◆ AIM OF THE TASK: Pictures do not belong in your copy. Repeat all the other data exactly.

◆ DATASET CONTENT:
───
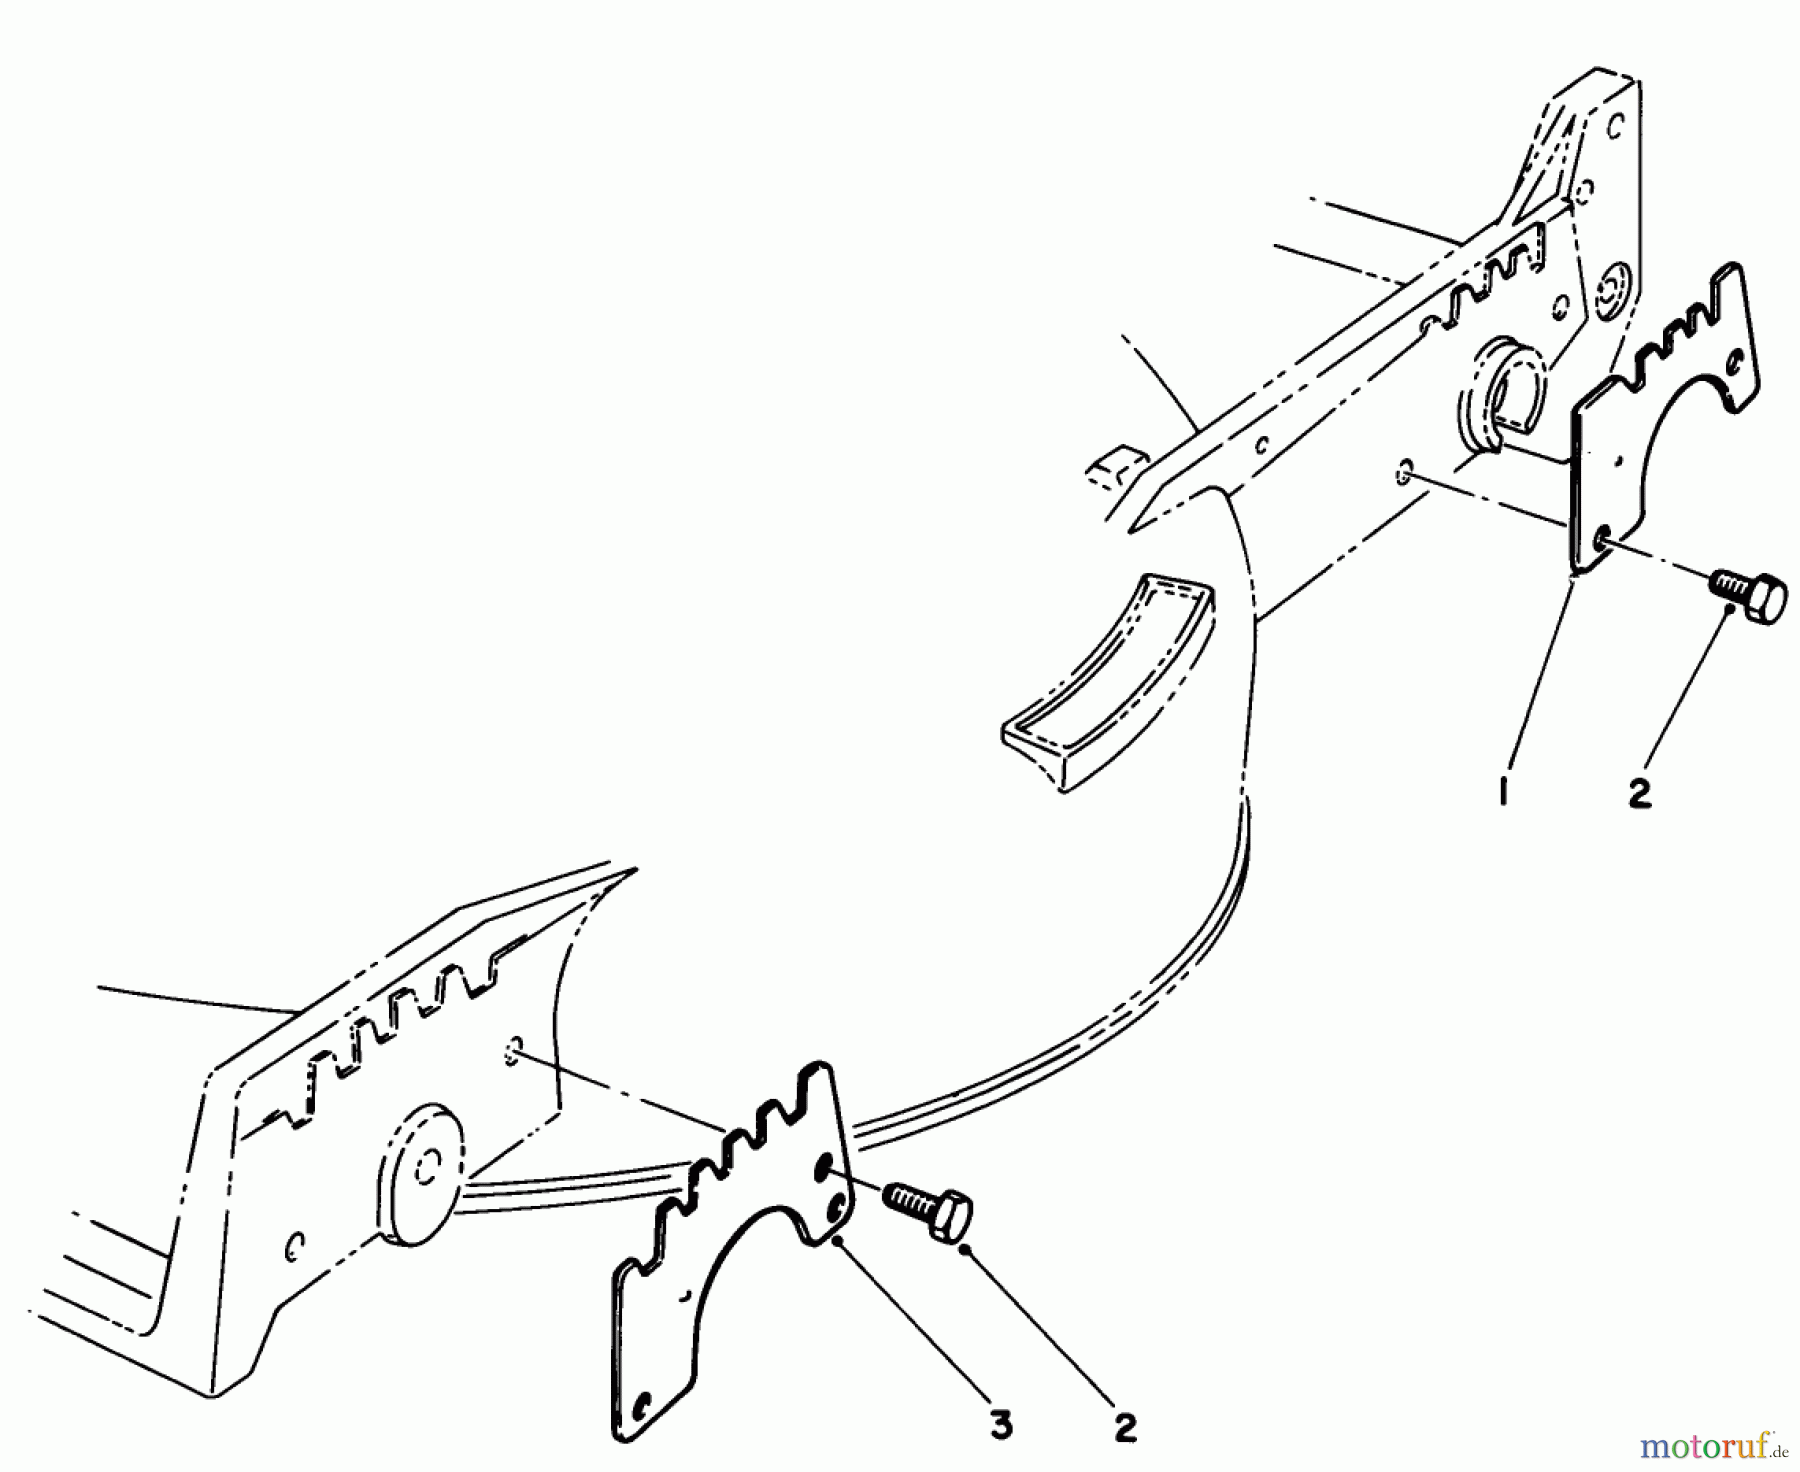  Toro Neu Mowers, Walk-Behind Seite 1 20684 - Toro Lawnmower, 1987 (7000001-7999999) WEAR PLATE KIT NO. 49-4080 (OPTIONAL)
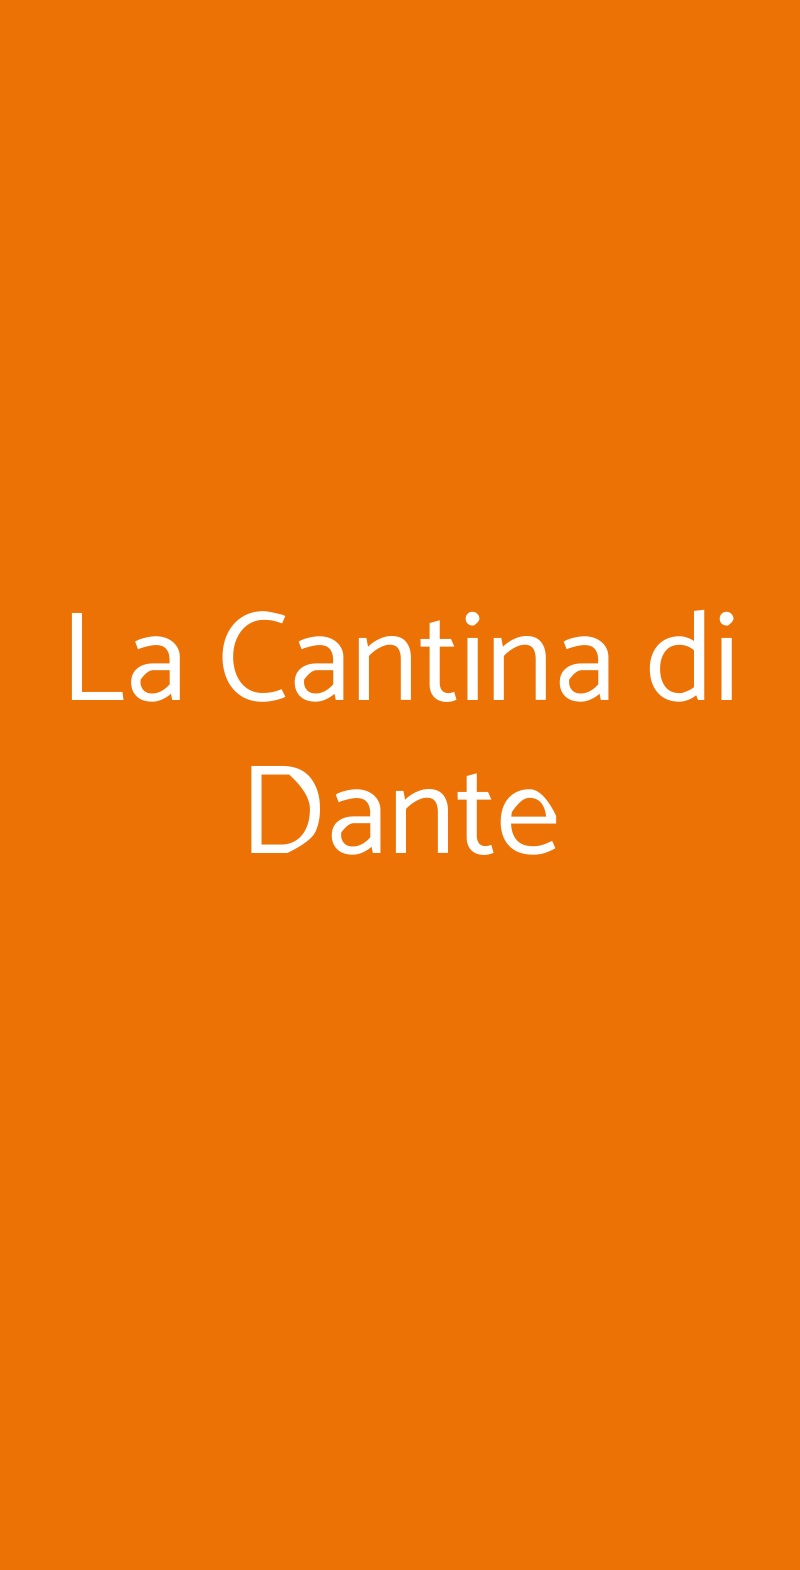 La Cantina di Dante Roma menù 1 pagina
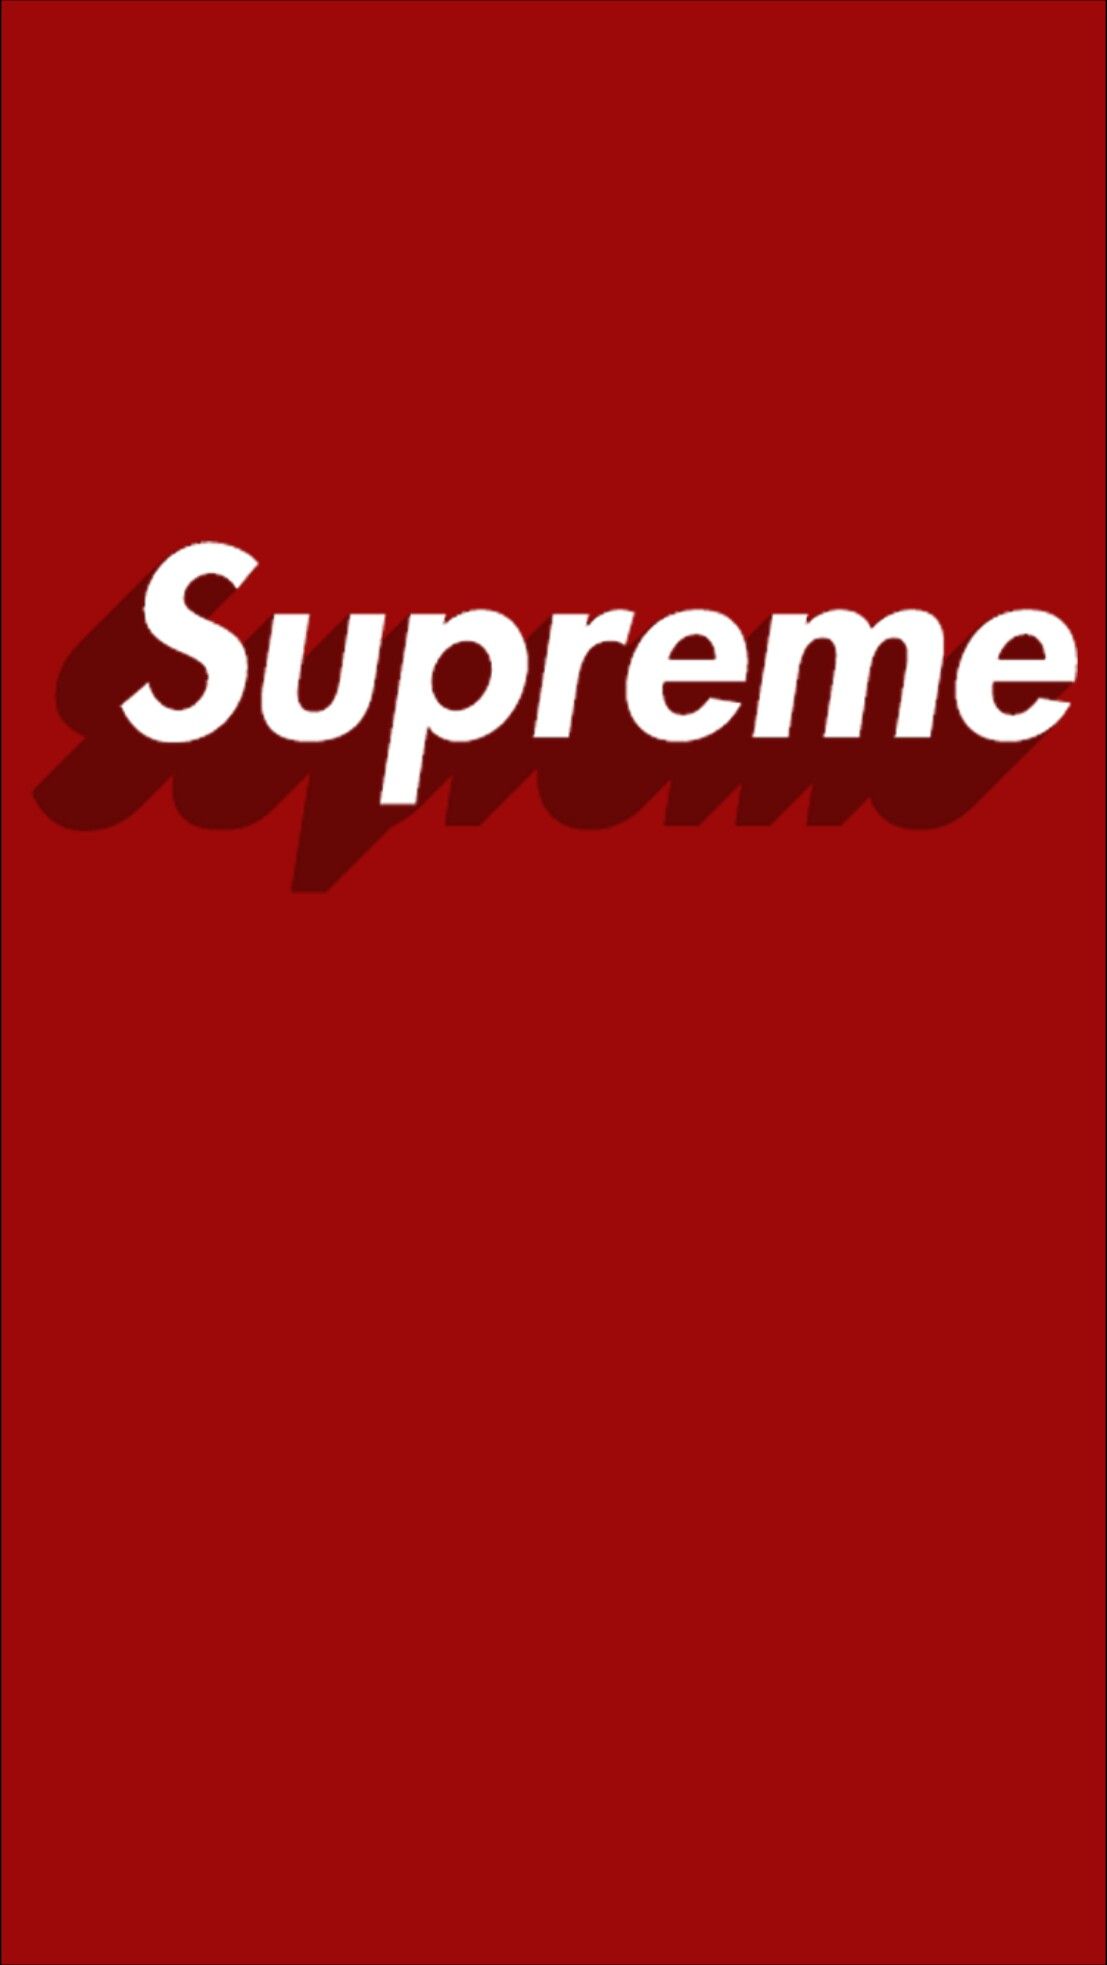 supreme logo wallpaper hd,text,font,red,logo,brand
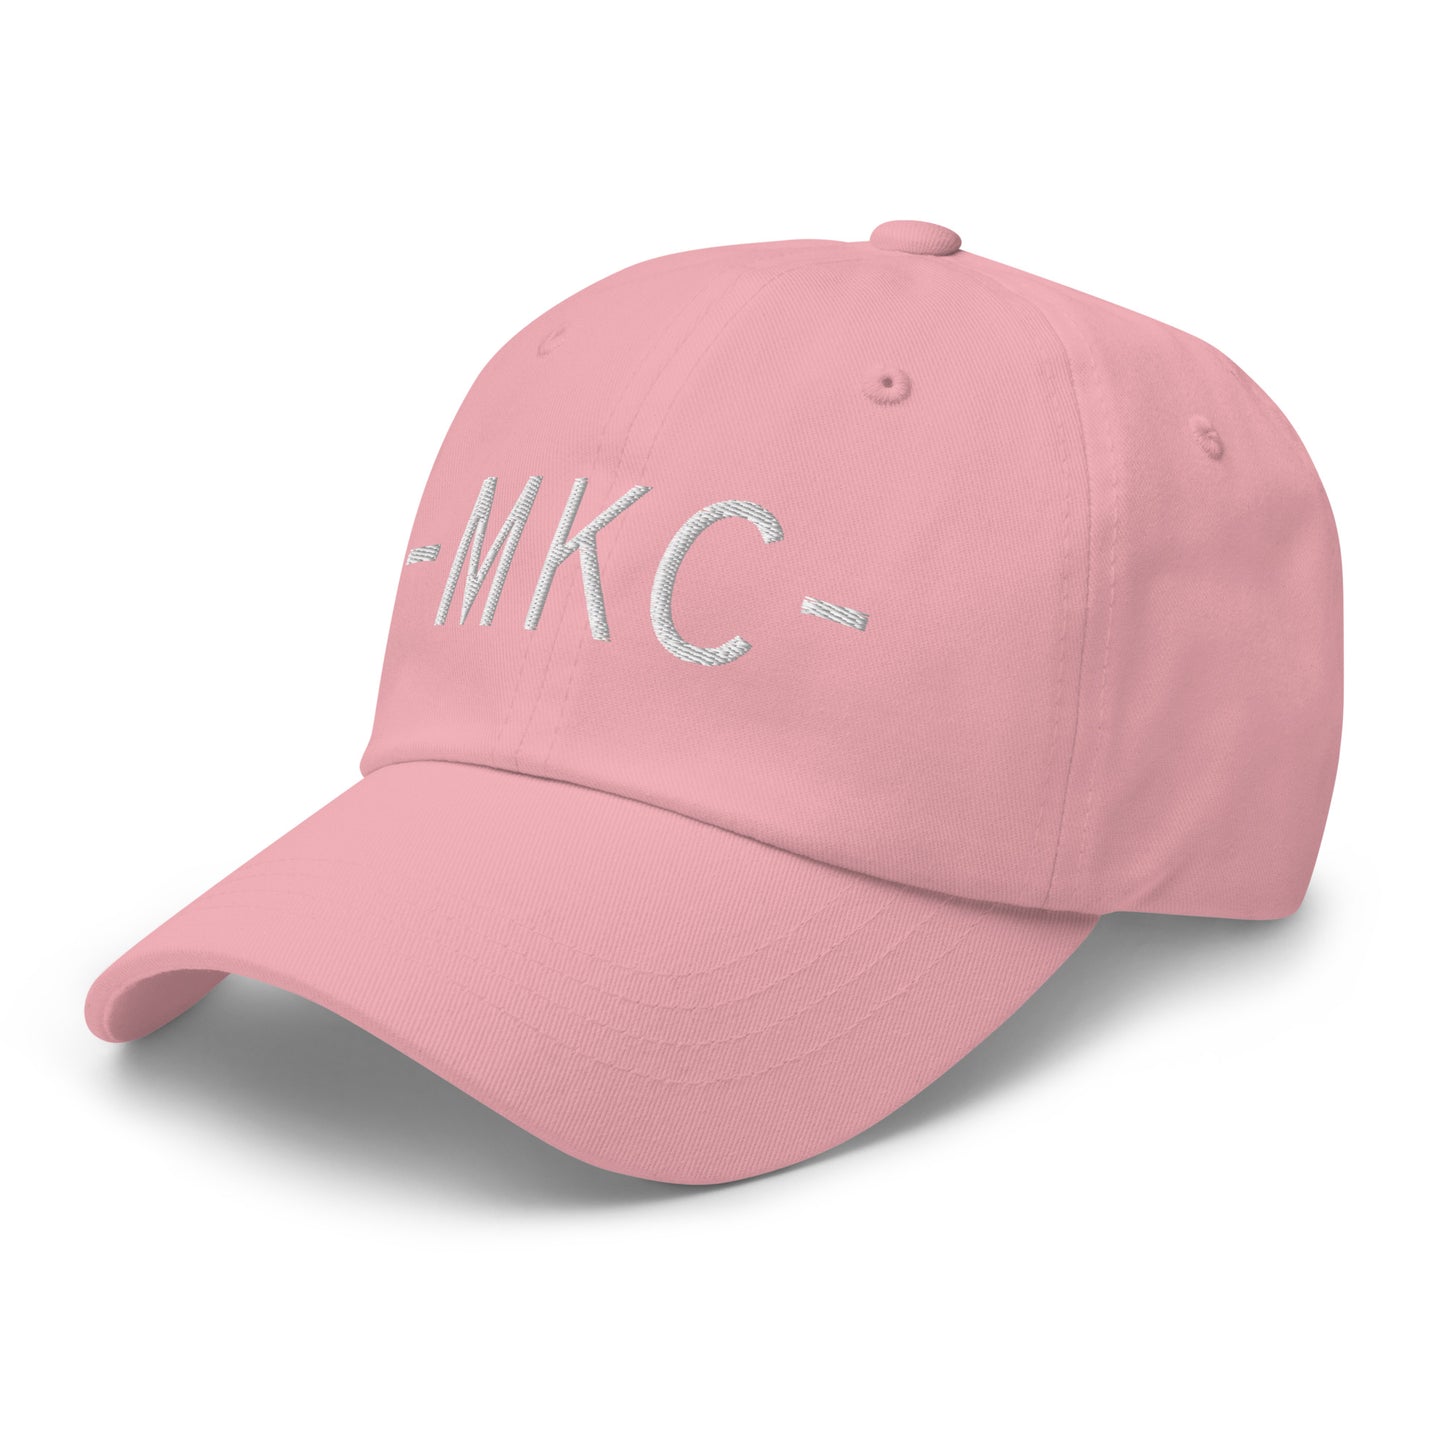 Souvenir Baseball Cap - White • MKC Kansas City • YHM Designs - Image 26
───
◆ TASK ANSWER:
  Toro Neu Mowers, Walk-Behind Seite 1 20684 - Toro Lawnmower, 1987 (7000001-7999999) WEAR PLATE KIT NO. 49-4080 (OPTIONAL)
 La Cantina di Dante Roma menù 1 pagina
 supreme logo wallpaper hd,text,font,red,logo,brand
 Souvenir Baseball Cap - White • MKC Kansas City • YHM Designs - Image 26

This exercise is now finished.